The two couples returned near midnight. Their Bluetooth speaker had run out of juice, but they hadn’t. At one point, Jason was going to say something, but Kim stopped him.
“They’ll go to sleep soon,” she’d said. It wasn’t soon, but eventually the profanities and drunk laughter died off, and the young couples slipped off to their tents, where they made another kind of noise. Fortunately, Sam and Ben had already fallen asleep.
The next morning, Kim got them packing early. As they pulled out, the tent and gear strapped tightly atop their SUV, Jason noticed that Benjamin sat especially alert, staring out his window as Sam played on his phone. “Really neat, isn’t it, buddy,” he said, patting the boy’s knee. Ben smiled, though for a moment, there was something in his eyes that wasn’t a smile. His dad, focused on driving, didn’t notice. Didn’t notice, also, the fingers slowly narrowing. The hair, thinning.
As their car continued away from Goblin Valley, red dirt and rock flanked the narrow road out of the state park. Mesquite trees, sage brush, and small cacti surrounded them. The thing that wasn’t Ben struggled to hold this form.
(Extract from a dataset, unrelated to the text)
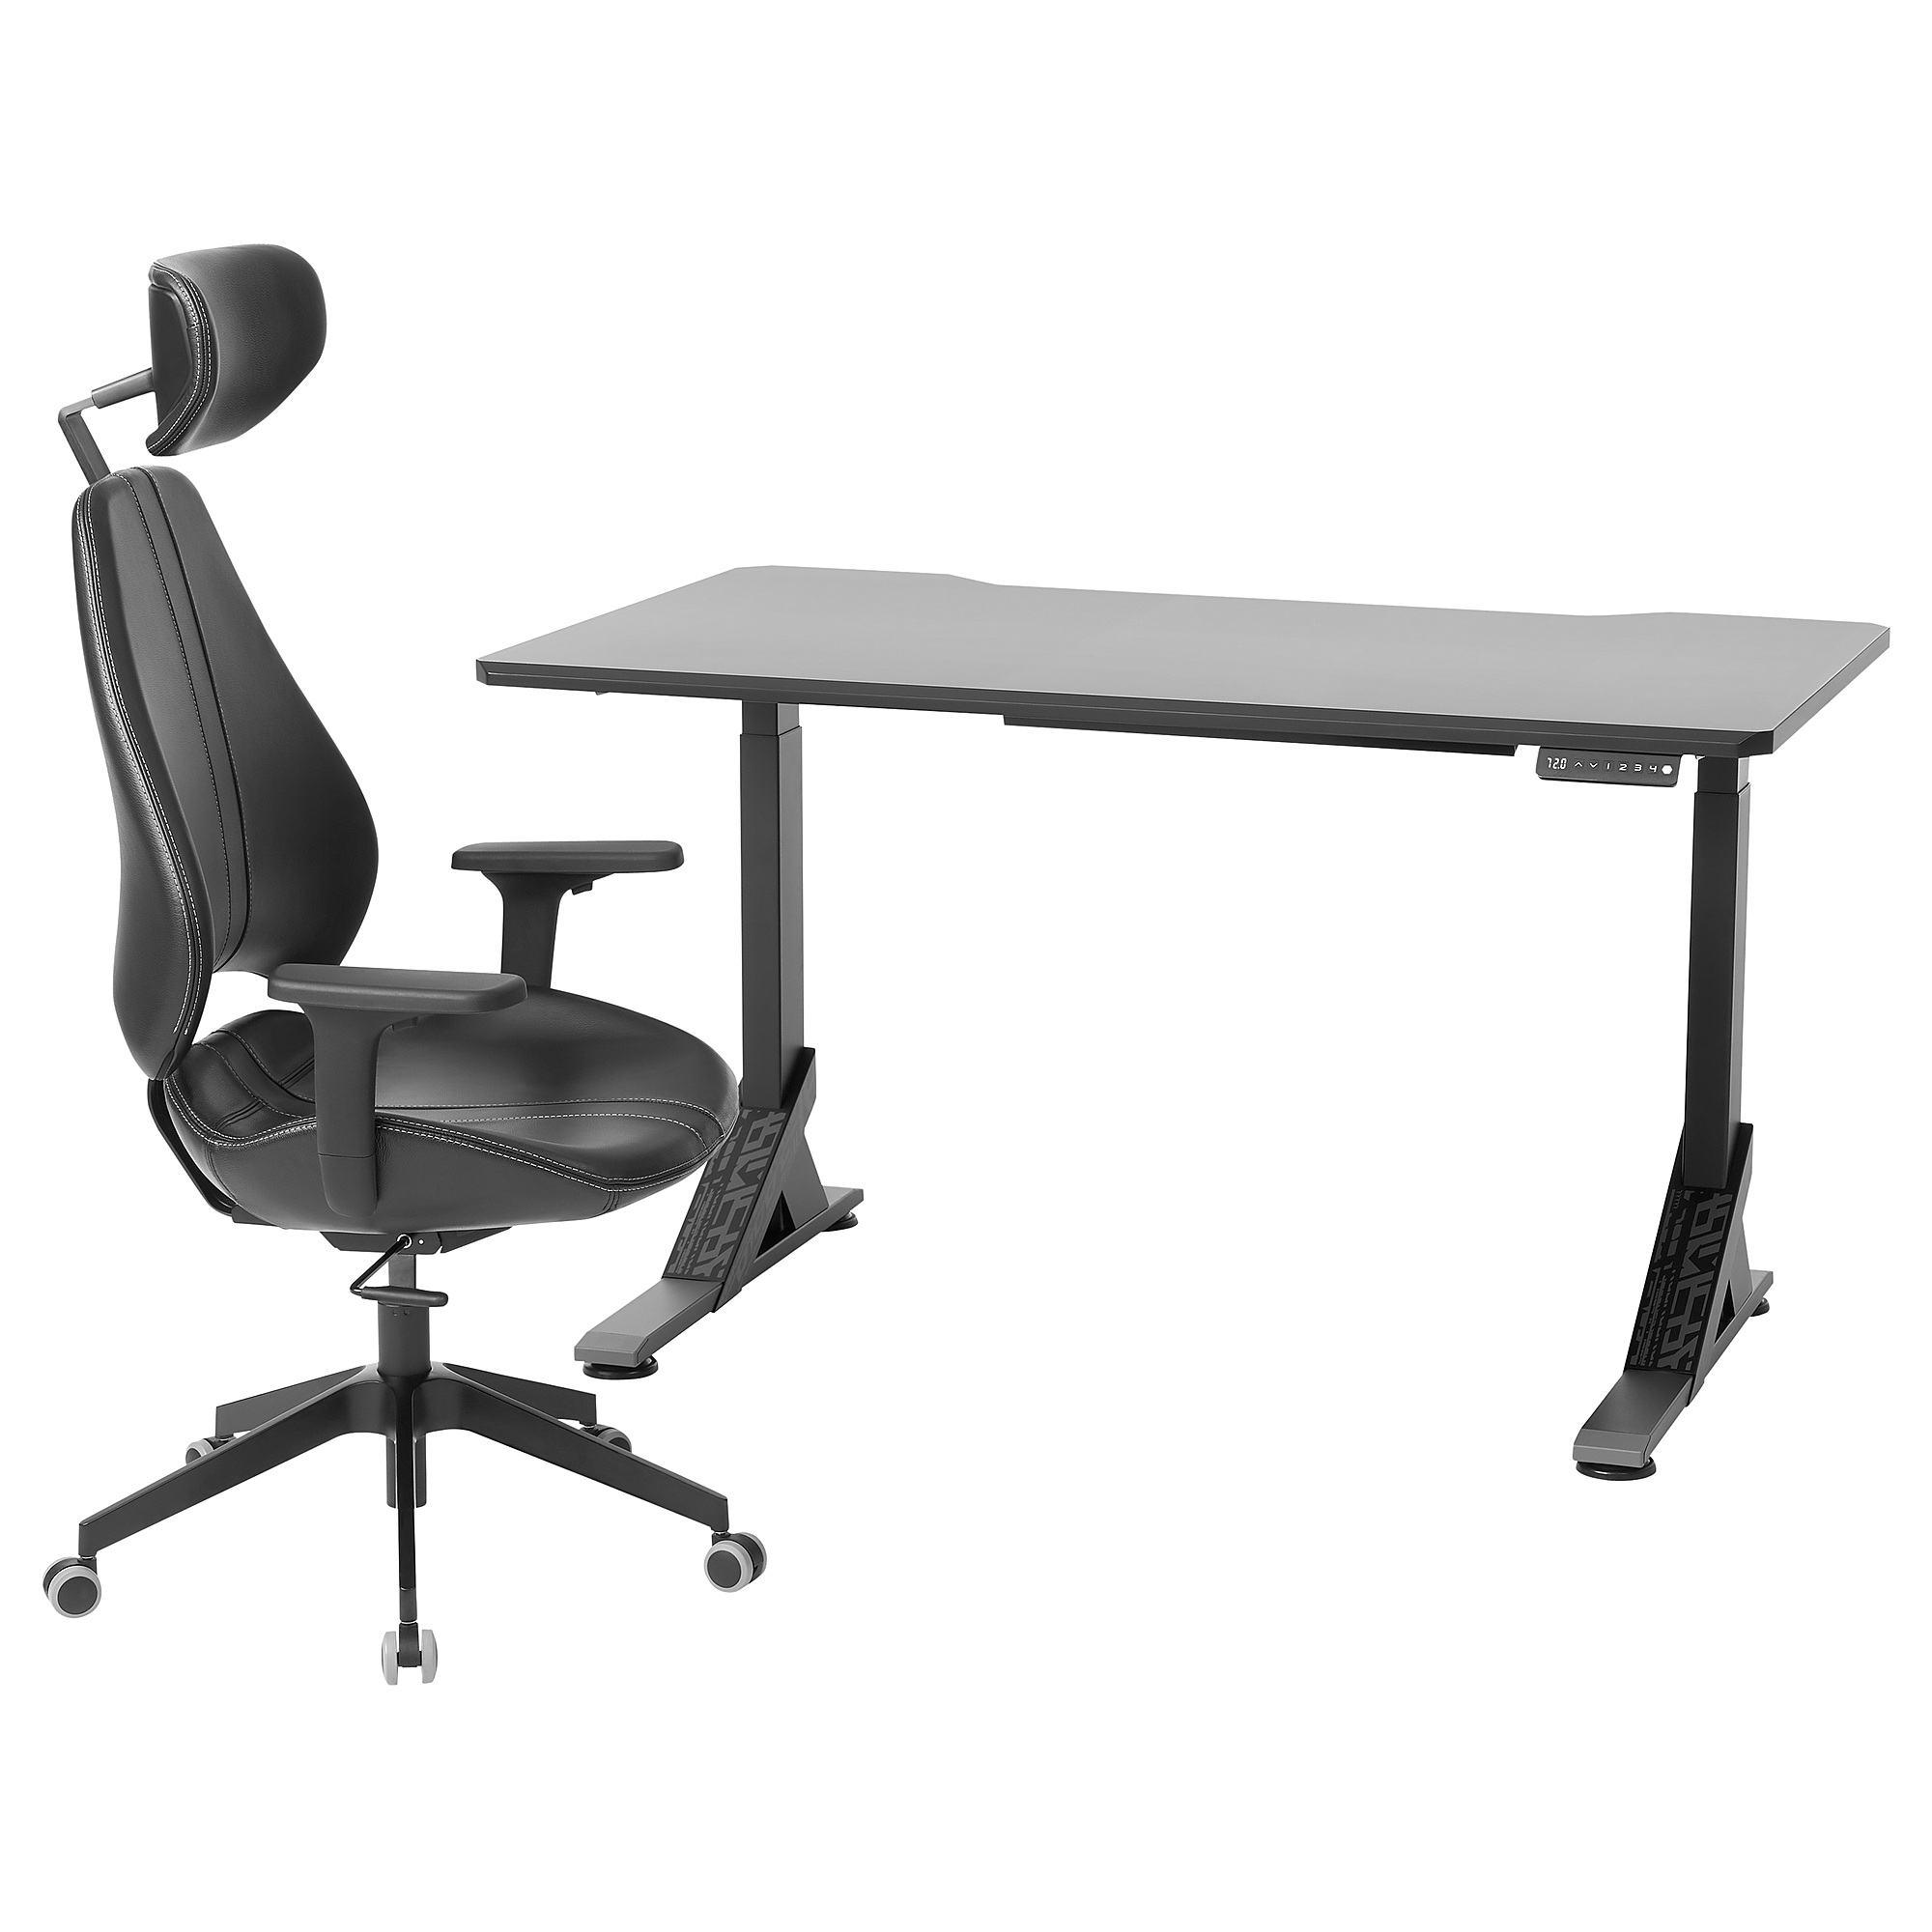 UPPSPEL/GRUPPSPEL gaming desk and chair

Behind them, they left the couples, sleeping off their hangovers. Jason and Kim also left the little boy who had once been theirs. He continued sleeping deep in the forest of rock toadstools, but would soon wake. The creatures crouched around him, waiting. Patient, they knew that this kind of sleep – an old, but necessary trick of theirs – took longer than natural sleep to leave the body. One of them snatched a scorpion from a nearby rock and bit it in half, chewing slowly.
They didn’t look much like the picture from Sam’s phone. Small, yes. Their skin was grey and thick. Eyes like a desert night sky stripped of its stars. Certified dark.
At least sometimes the creatures looked like this. It was another trick of theirs, of course, that sometimes they didn’t.